Dietary recommendations: reduce fat in order to achieve the purpose of increasing muscle must rely on a reasonable assurance of nutrition. Dietary Fat Reduction The purpose is to reduce the excess subcutaneous fat, rather than weight loss. To lose excess fat, to reduce fat diminished the purpose of the block, it is necessary to properly control the diet of fat intake, increasing protein intake, but also have sufficient quantities of carbohydrates, only enough carbohydrates to provide energy , so that training intensity can be maintained at a higher level. Therefore, the diet of carbohydrates, protein and fat percentage of 40%: 45%: 15% is appropriate. Many fitness enthusiasts due to lack of nutrition knowledge, reduce fat in the process of deliberately controlling carbohydrate intake, the results of subtracting not only the fat, muscle is also reduced. Even if the additional injection of protein to fill a large number of carbohydrates (glycogen) is insufficient, but also useless, because the low carbohydrate may cause metabolic disorders, affecting the use of fat oxidation and protein, resulting in muscle weakness, the training status of the doldrums. Enough carbohydrates can reduce the unnecessary consumption of protein in vivo (waste) to prevent muscle mass to narrow, and can promote fat metabolism. Carbohydrate per kilogram of body weight is generally injected into the amount of 3-5 grams per day, increasing muscle reduce fat by 2-3 g per kg of body weight, not less than 2 grams.

Intake of fat: fatty acids are fats the major components involved in energy supply, but also major direct fuel for the body. Fat also helps fat-soluble vitamins A, D, E, K, etc. absorption. In particular, unsaturated fatty acids, both essential and healthy fats containing unsaturated fatty acid-rich foods are peanuts, sunflower seeds, walnuts, almonds, etc. And then there are safflower seed oil, rapeseed oil, olive oil, peanut oil and other vegetable oils, in every days in total calorie intake to ensure 15% of the fat intake is necessary.

Tip: to add whey protein and glutamine

In the process of increasing muscle reduce fat whey protein supplement is necessary, because the body can promote recovery and accelerate muscle growth, to maintain physiological balance and muscle energy metabolism to normal. In addition, it can avoid the drop in body fat metabolism caused by slow and reduced immunity.

Whey Protein can be taken before and after training, the training material before taking the provision of energy, help to improve exercise capacity, especially endurance level, training can accelerate the body taken to restore and promote muscle growth.

Take capacity: general training before and after serving 30 grams, you can also exercise intensity according to individual needs and the size.

L-glutamine is an important amino acid, high-intensity training if it can not replenish enough glutamine, the body will break down muscle protein to meet the needs of the body of glutamine, while also significantly decreased immunity, easy to influenza and other diseases occur.

L-glutamine can be taken the morning after fasting and training. Fasting blood glucose is low, taking L-glutamine to prevent muscle protein breakdown, muscle atrophy. Training taking can promote the body's secretion of growth hormone involved in the repair of damaged tissue and synthetic, to promote the absorption of other nutrients to accelerate muscle growth, improve immunity.

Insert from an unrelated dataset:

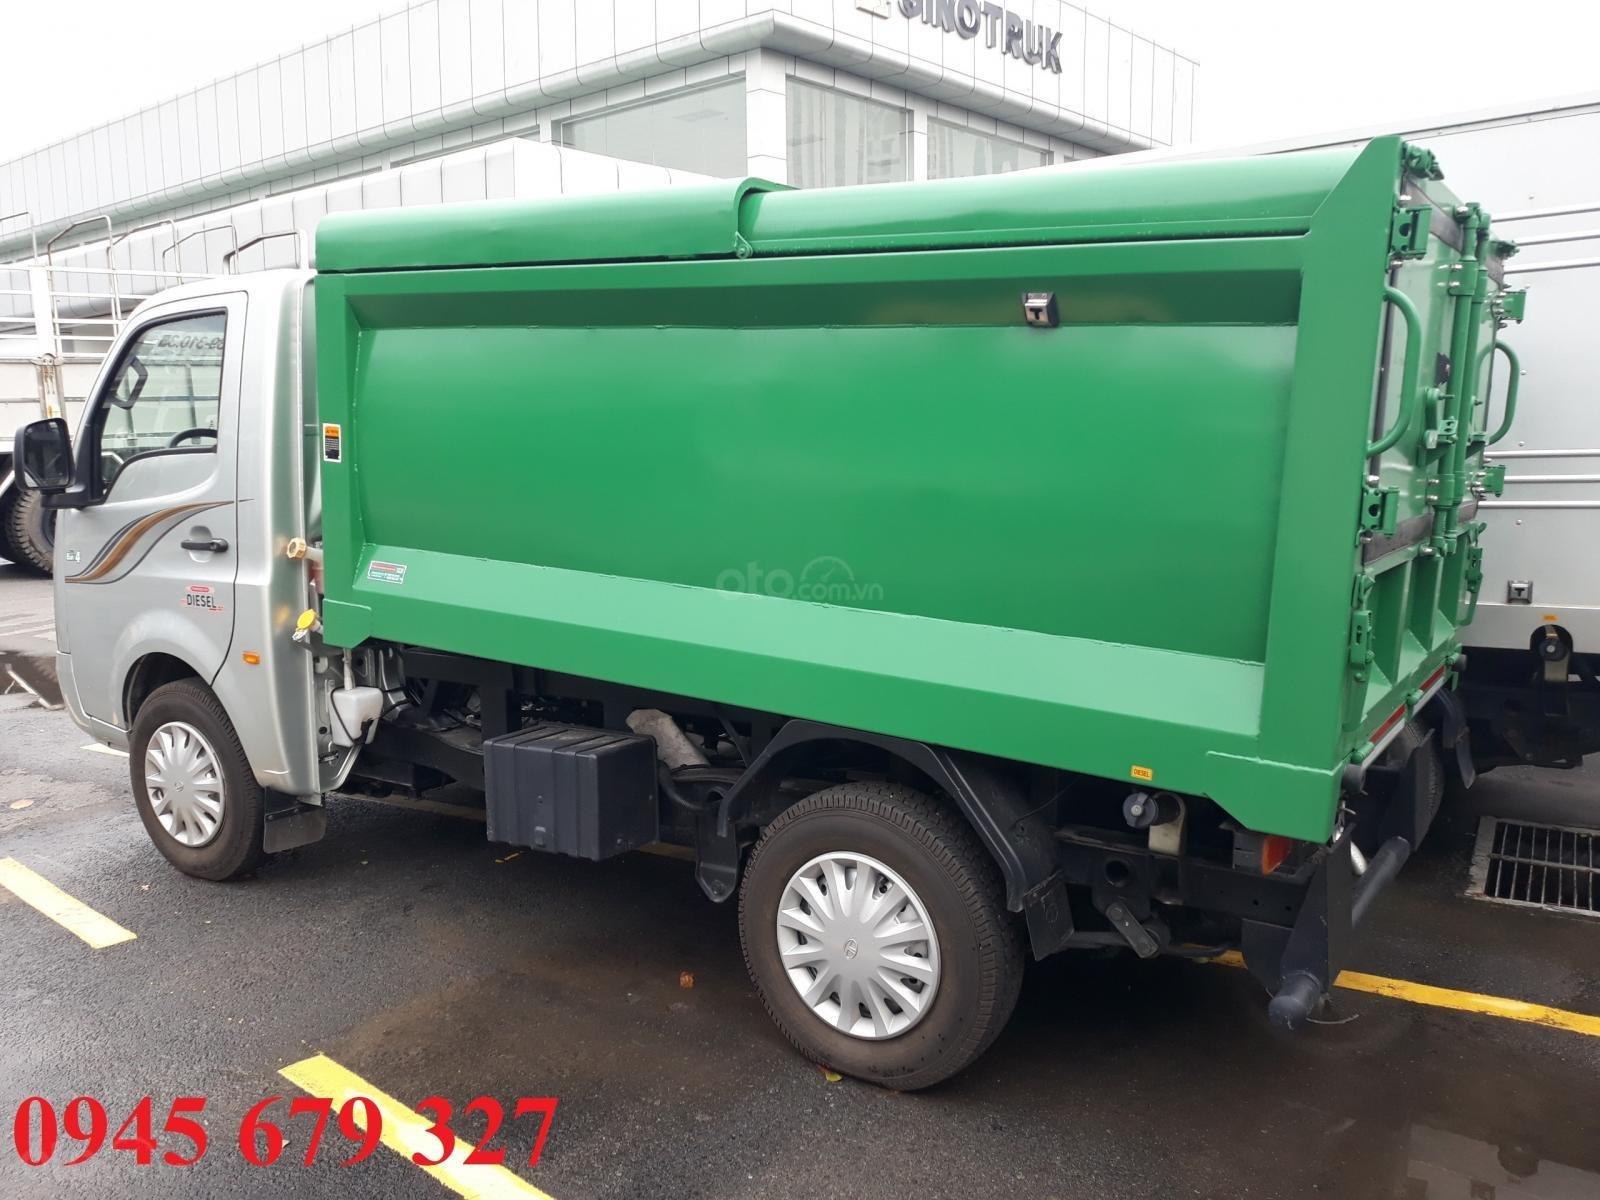 Xe chở rác Tata 990Kg thùng 4 khối máy dầu giá rẻ, hỗ trợ trả góp (3)

Take capacity: In the morning, after fasting and training, 5 grams each serving.
zhaogongqi2010-02-10 05:06:05 +0000 #4
human body, the order of the energy consumption of glucose, fat, and finally protein. So do not run an empty stomach, otherwise they will produce the effect you say, professional athletes but also for aerobic training. In order to ensure a healthy body, good stature and obvious details of the muscles, you should insist on doing weight training at the same time aerobic training. By adhering to aerobic exercise and reasonable diet with in order to obtain the real muscle definition, which is an indispensable complement to strength training. The most important thing is not to be a time when low blood sugar (such as fasting) for aerobic exercise. So do not worry.